── DATA SEGMENT
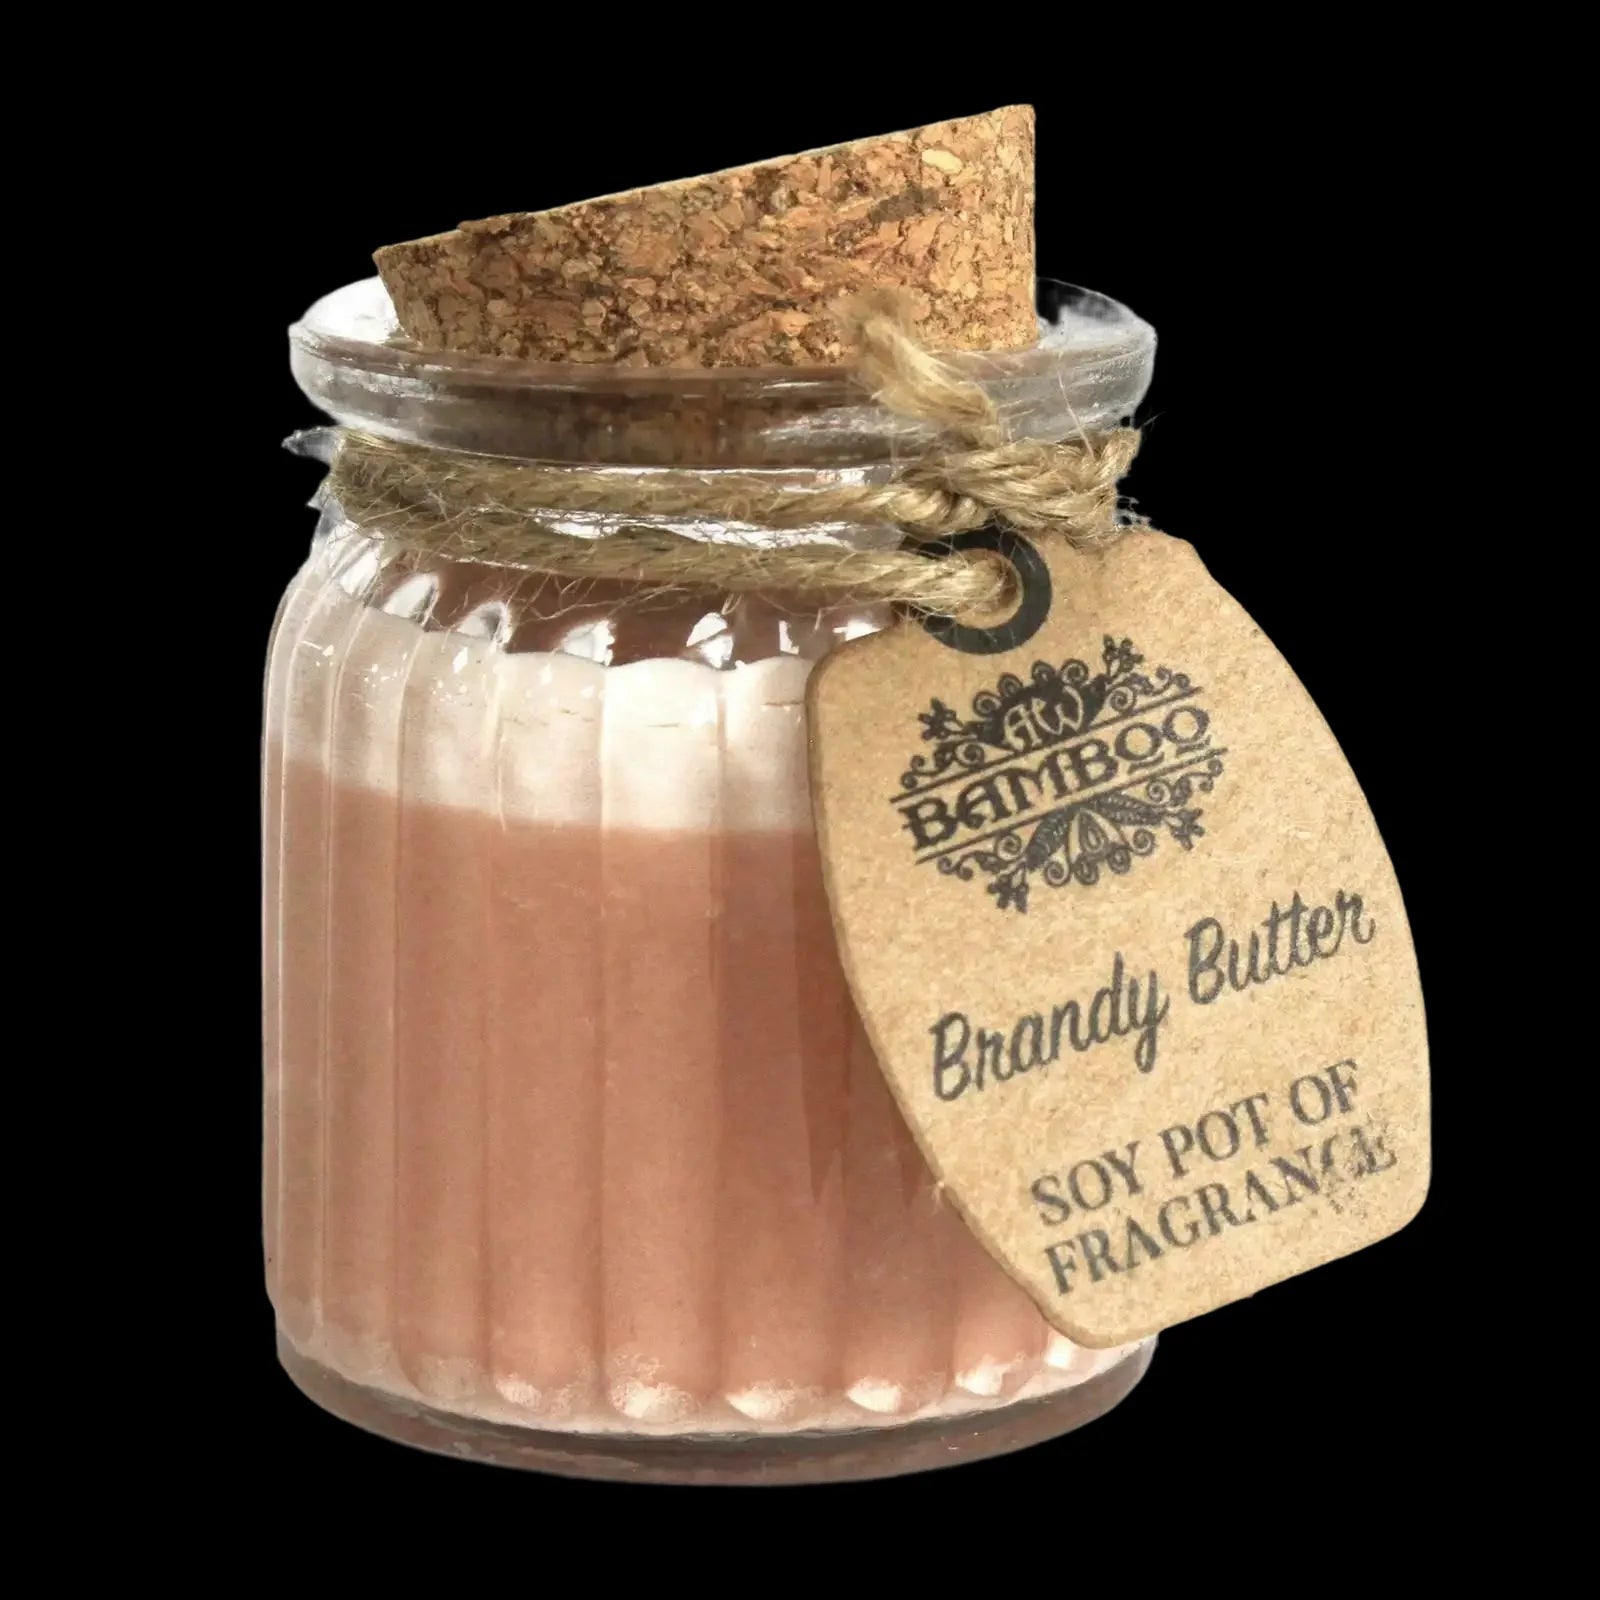 Brandy Butter Soy Pot Of Fragrance Candles - Ancient Wisdom
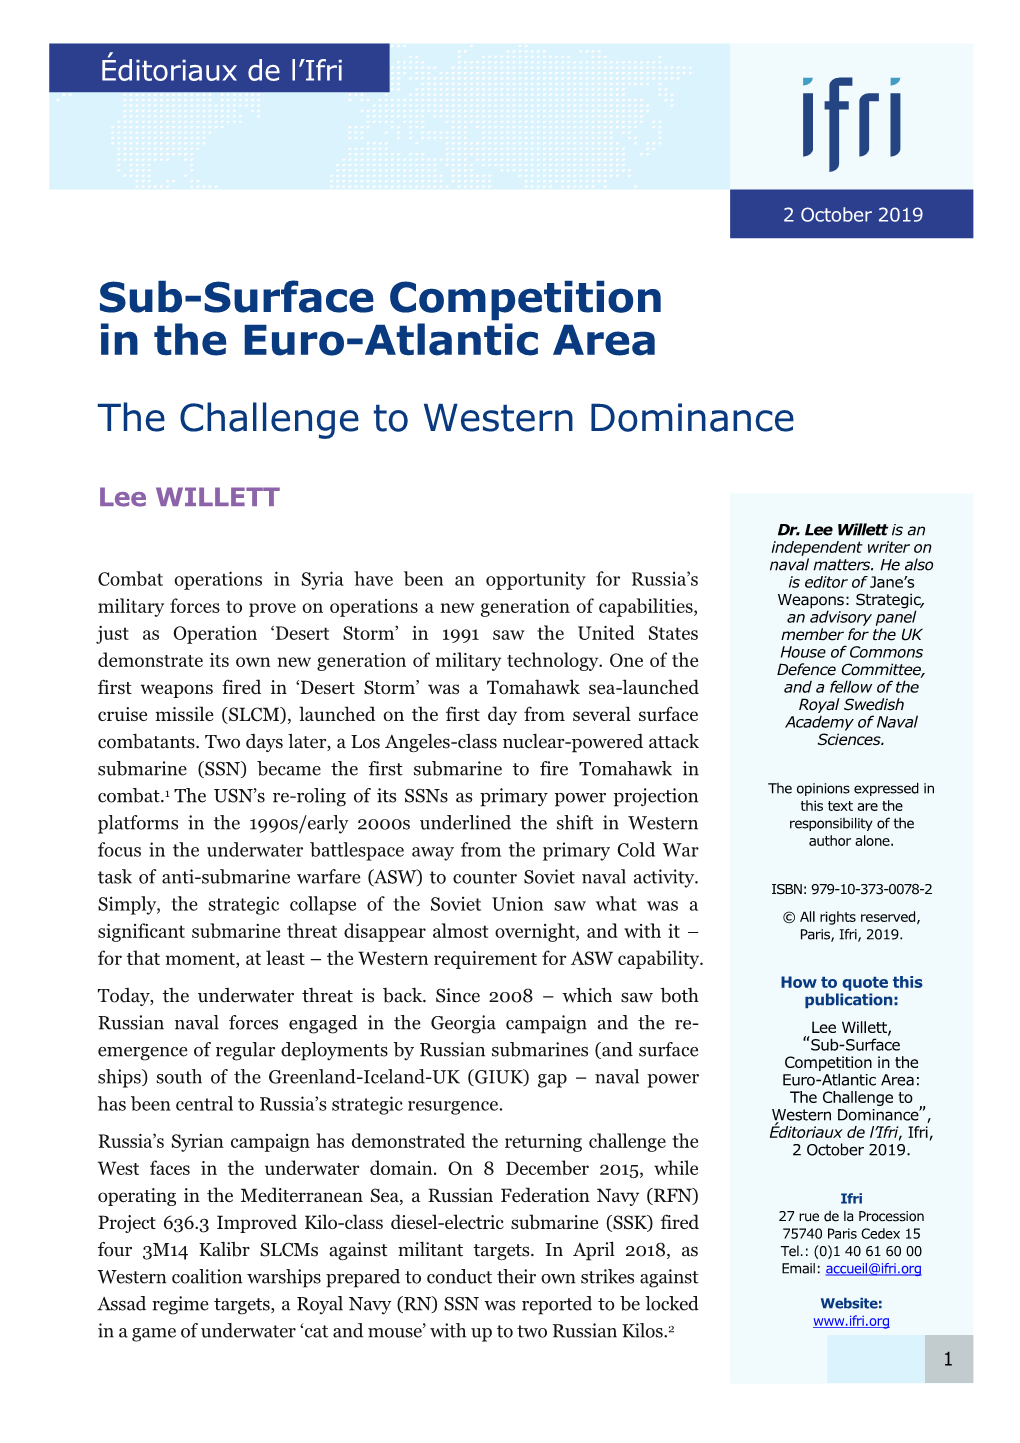 Sub-Surface Competition in the Euro-Atlantic Area: the Challenge
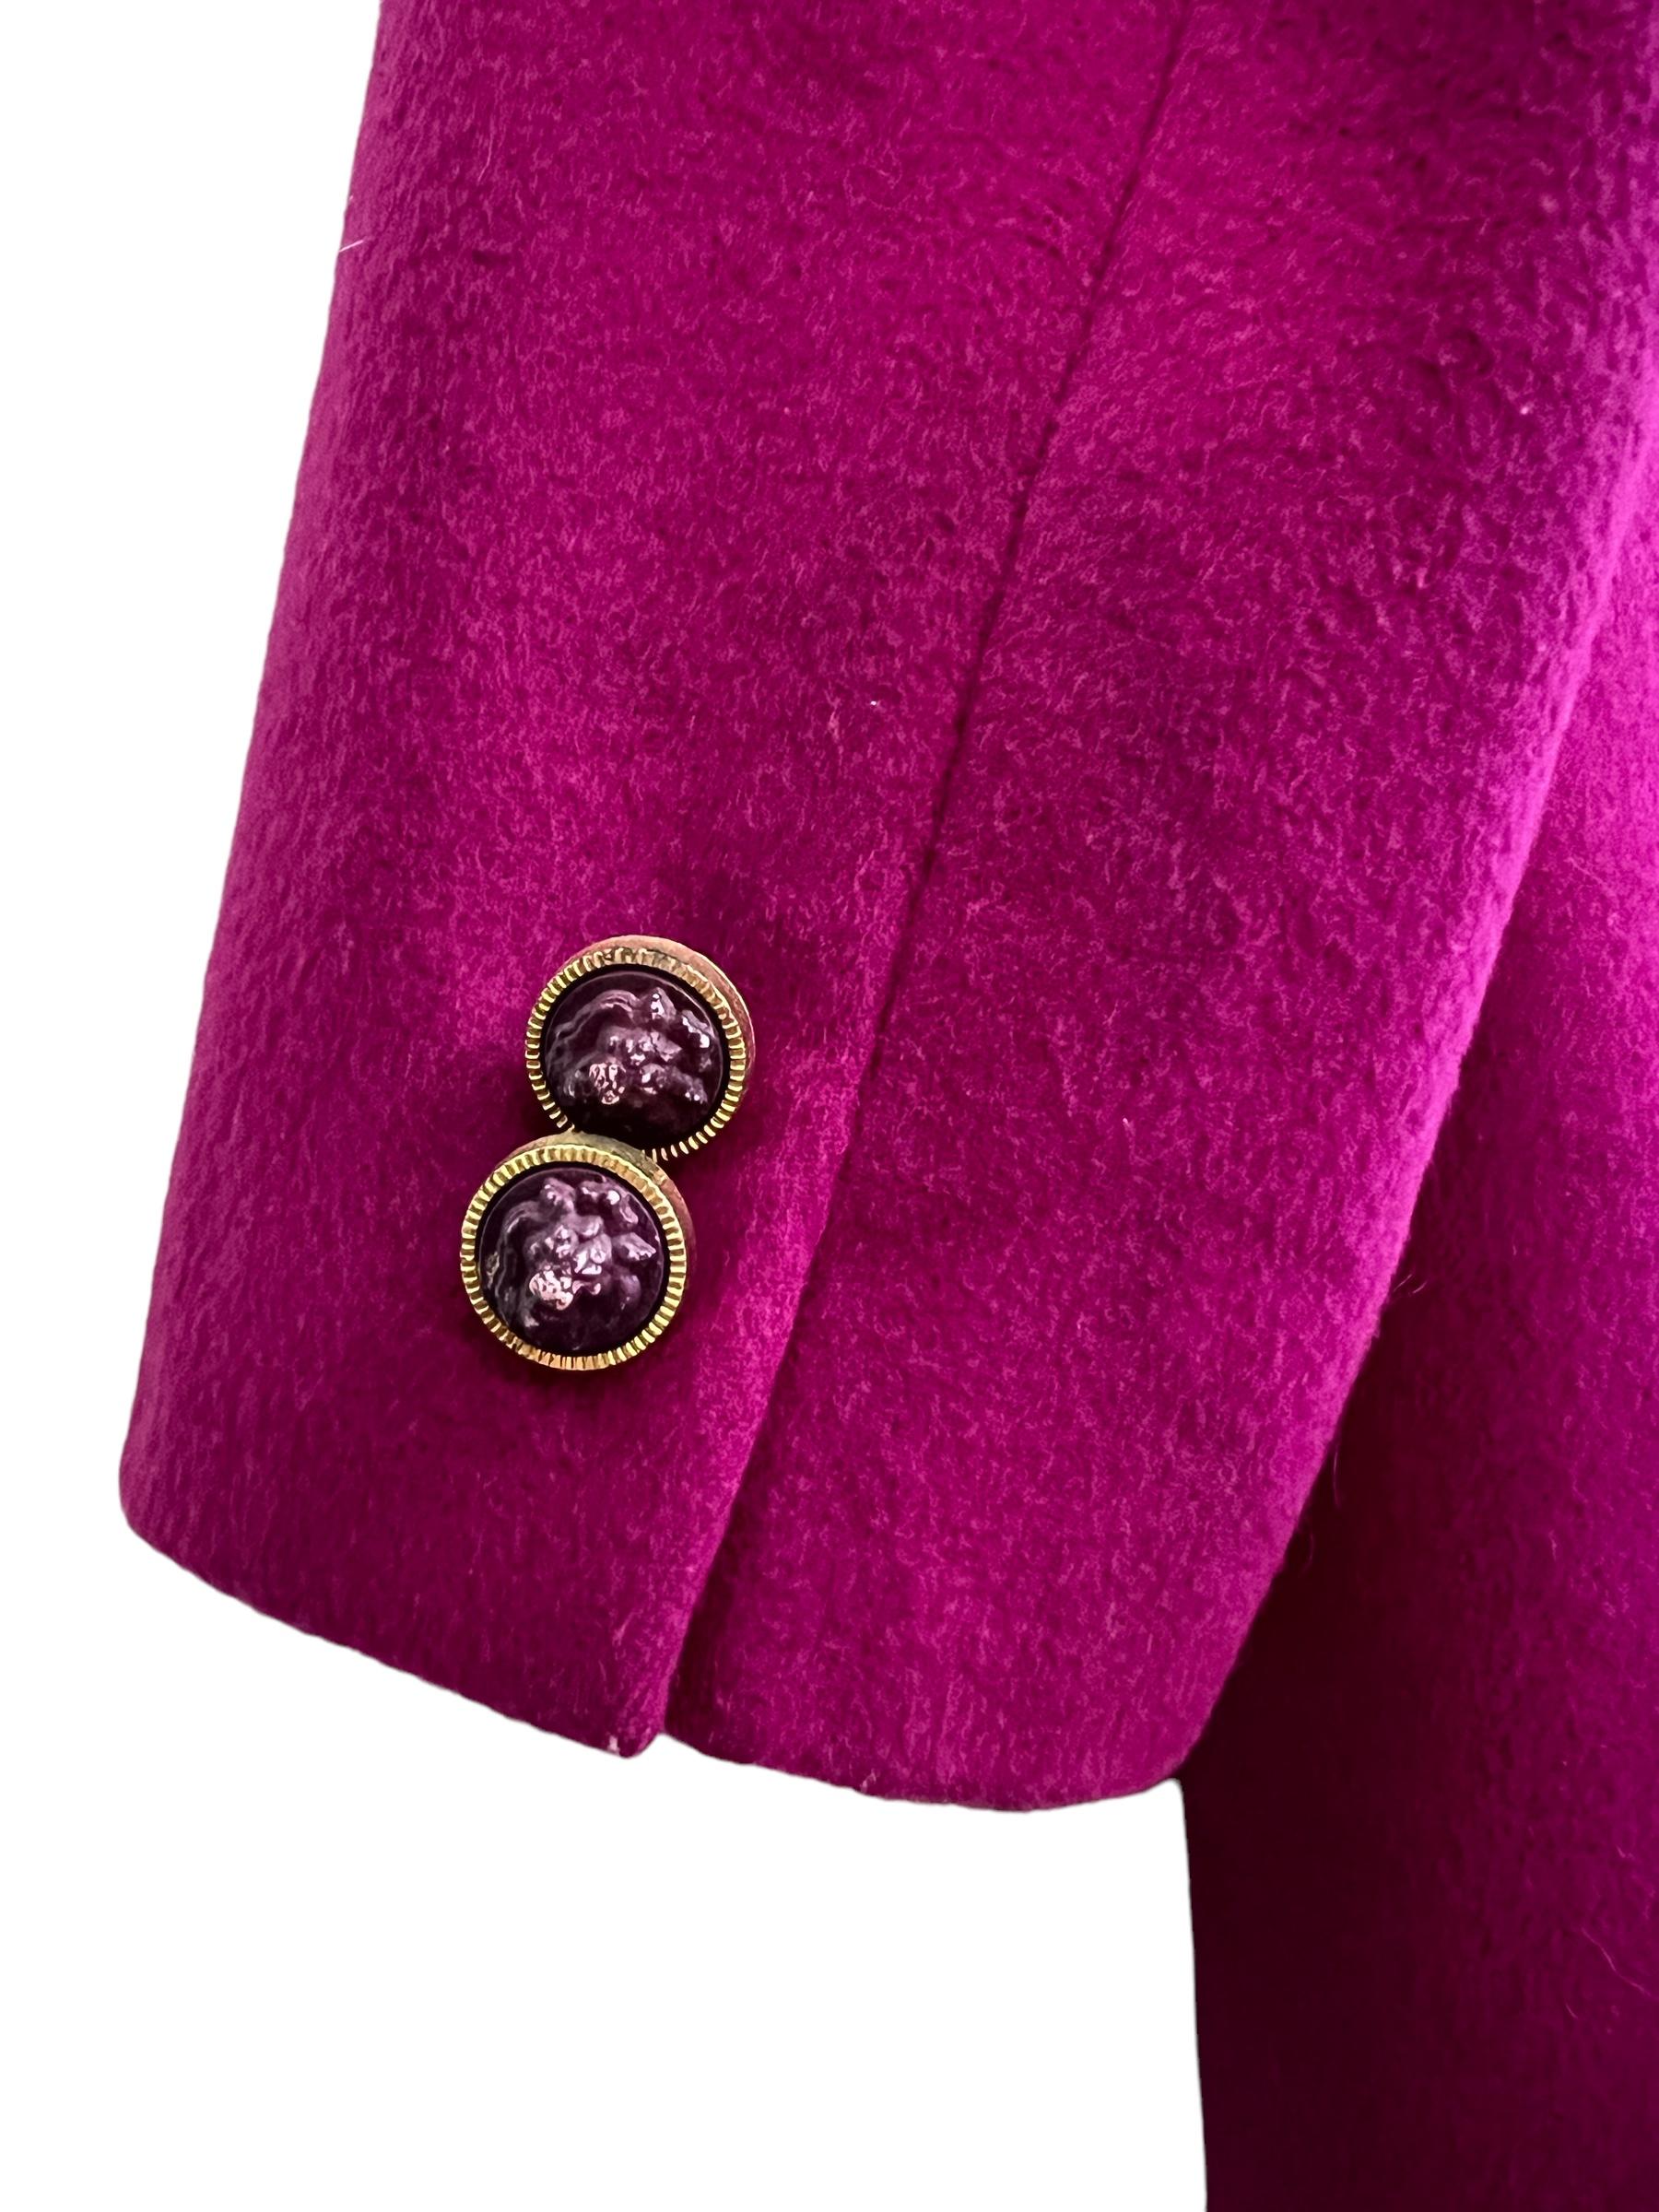 Versus by Gianni Versace Magenta Pink Rainbow Lined Cashmere Blazer Suit Jacket For Sale 2
────
- **WHAT TO WORK ON**
Write out the material above once more, exactly as it reads, with no pictures.

- **REPLY**
 Brandy Butter Soy Pot Of Fragrance Candles - Ancient Wisdom
 Sub-Surface Competition in the Euro-Atlantic Area: the Challenge
 Versus by Gianni Versace Magenta Pink Rainbow Lined Cashmere Blazer Suit Jacket For Sale 2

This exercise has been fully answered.